Once they’re dried, Roskenkilde roasts her Chuncho beans in a gas-powered drum roaster for around 30 minutes, and then they’re ground. This variety of bean is known for its complexity of flavor, so Roskenkilde likes to minimize the time that the beans are ground, to help preserve their integrity.

Finally the chocolate is conched, or kneaded with a mixing tool called a conche. The friction from this process generates heat, which melts the chocolate and creates the smooth texture you expect. For her prized chocolate, Roskenkilde processed the batch for 22 hours in a conche, then added sugar and poured the chocolate into molds, creating the final bar.

What makes this bar so special?

Rosenkilde — who splits her time between Norway and Peru — explains that like wine, there are a number of factors that can impact the final taste of chocolate besides just the type of cacao. Climate, soil composition, surrounding vegetation, ripeness of the fruit, tree age, and time of harvest can all contribute to a chocolate’s final flavor profile. That means that the 70% Quellouno bar will taste different from year to year, even if the core process for making it remains the same.

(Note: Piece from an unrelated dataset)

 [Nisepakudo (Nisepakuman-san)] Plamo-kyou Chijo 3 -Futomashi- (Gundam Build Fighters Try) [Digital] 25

“My goal isn’t to make every batch taste identical, but to highlight the unique flavors that each harvest brings,” Rosenkilde tells Food & Wine. 

The flavor of chocolate can change in every step of its production, and the chocolate maker begins tasting from the very beginning when she’s sourcing cacao, sampling fresh pulp from the pods. She also experimented with three different roasting methods before deciding on the best one for this batch of Chuncho beans. “Unlike some batches where I specifically seek out floral notes like rose in Chuncho cacao, this time I wasn’t chasing a particular flavor profile,” Roskenkilde notes. “Instead, I let the cacao speak for itself.” 

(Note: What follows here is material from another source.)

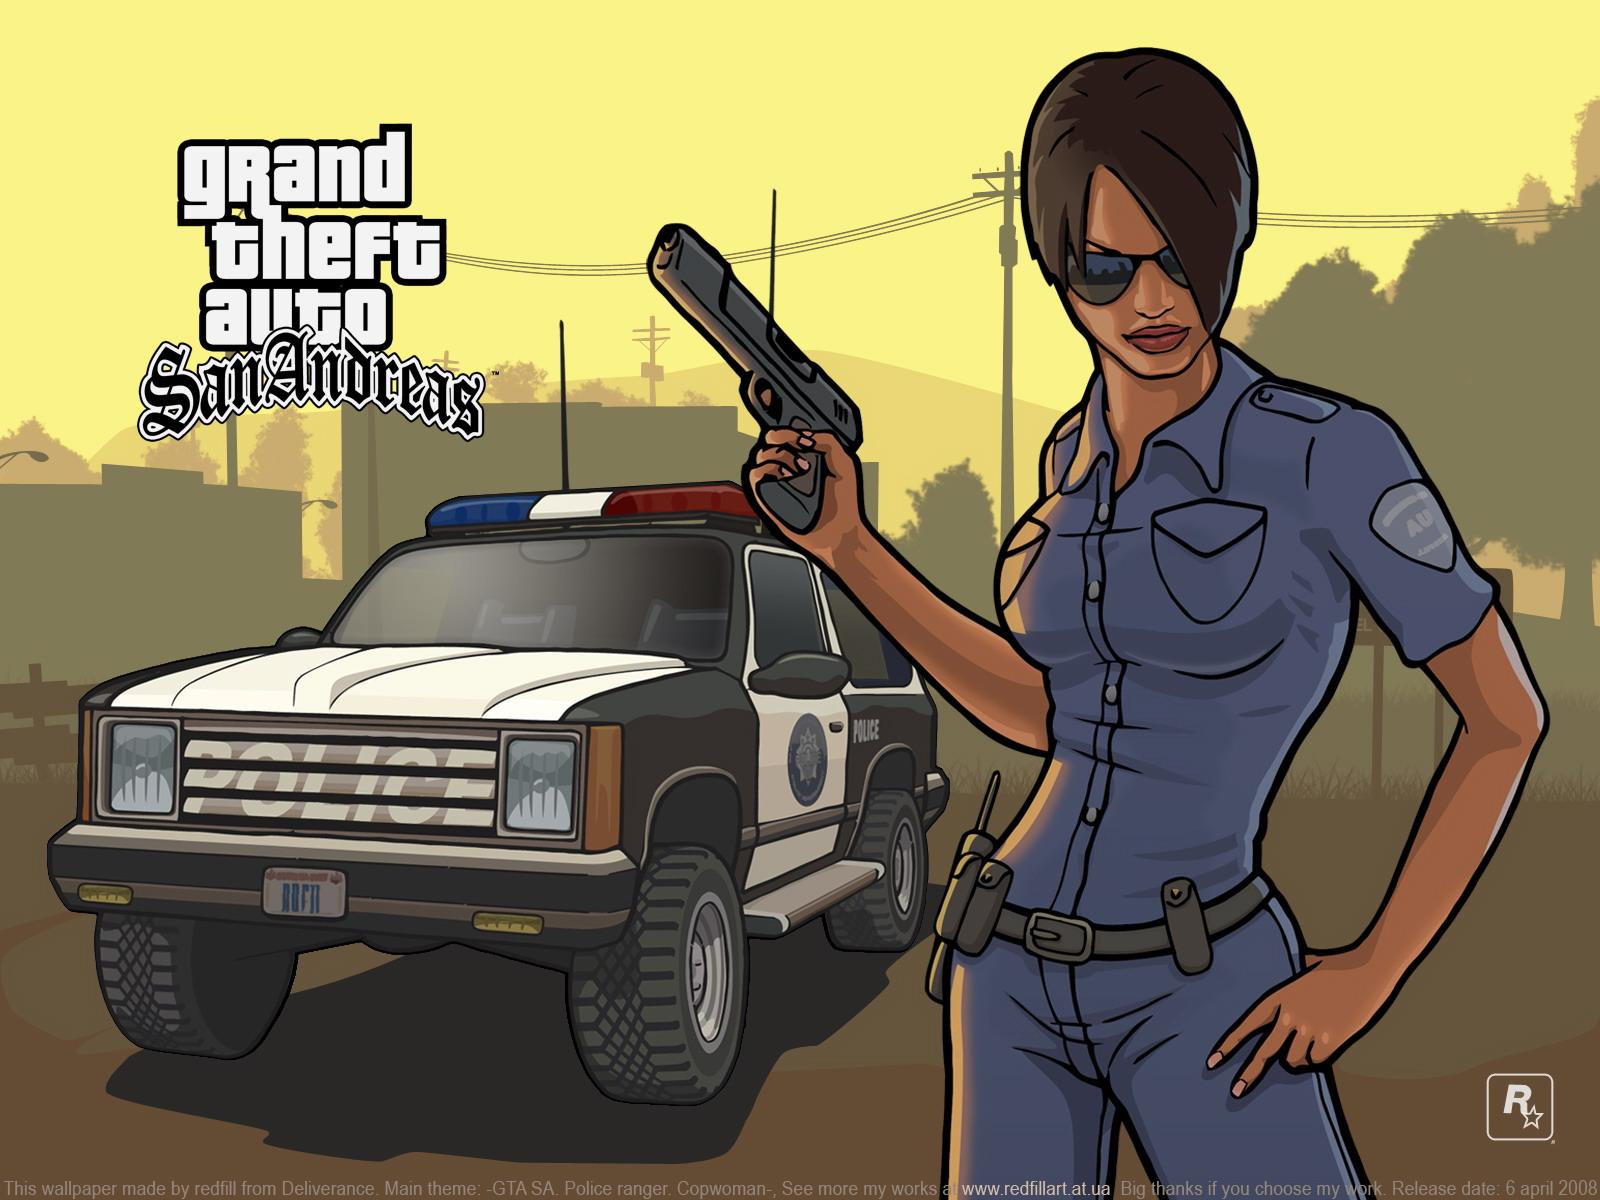 876125gta-san-andreas-police-ranger-copw

The artisan even remembers the moment she realized she’d made a great chocolate, recalling to Food & Wine that, “I was tasting the first test batch, and as soon as it started melting on my tongue, I got a rush of bright berry flavors. I actually laughed because I loved it so much.”

Three other chocolates were declared the best of their kind

If you’re not a dark chocolate fan, the International Chocolate Awards gave top marks to a few other options you can try. The competition named a 54% bar from Venezuelan maker Delirio Chocolates as the best single-origin milk chocolate, and the top prize for a flavored chocolate bar was given to the Strawberry White offering from Canadian Kasama Chocolate. For anyone searching for something that isn’t in the shape of a bar, the best filled chocolate was a hazelnut and chocolate confection, the Giuinott from Italian maker Guido Castagna.